**Stored records**

■ ■ ■ ■ ■

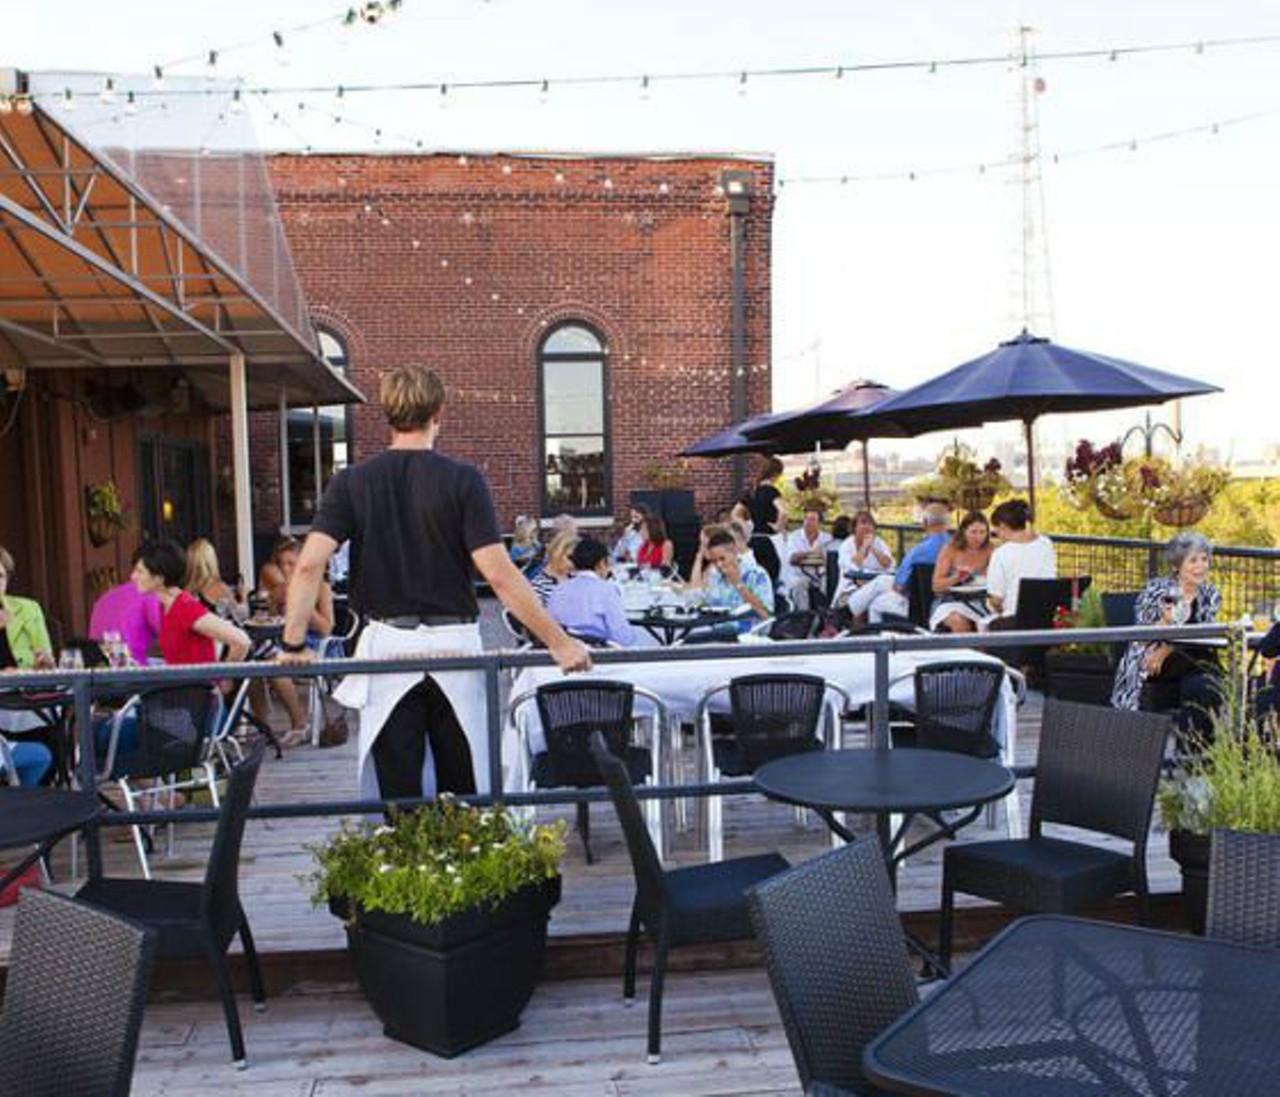 Vin de Set
2017 Chouteau Ave. 
St. Louis, MO 63103
(314) 241-8989
What better place to do some day drinking than on a rooftop? Those who don't dig dive bar atmospheres can find a more upscale place to drink at Vin de Set, home to French cuisine, a full bar and one of the best rooftop patios in the city. Bar hours vary by the day, but Tuesday through Friday it opens at 11 a.m., and on Sunday it opens at 2 p.m. -- meaning you can relax with your drink with plenty of daylight to boot. Photo by Laura Miller.

■ ■ ■ ■ ■

**TASK BRIEF**
In the copy, include each entry exactly as written and none of the pictures.

**SOLUTION FOR THIS PROBLEM**
 Vin de Set
2017 Chouteau Ave. 
St. Louis, MO 63103
(314) 241-8989
What better place to do some day drinking than on a rooftop? Those who don't dig dive bar atmospheres can find a more upscale place to drink at Vin de Set, home to French cuisine, a full bar and one of the best rooftop patios in the city. Bar hours vary by the day, but Tuesday through Friday it opens at 11 a.m., and on Sunday it opens at 2 p.m. -- meaning you can relax with your drink with plenty of daylight to boot. Photo by Laura Miller.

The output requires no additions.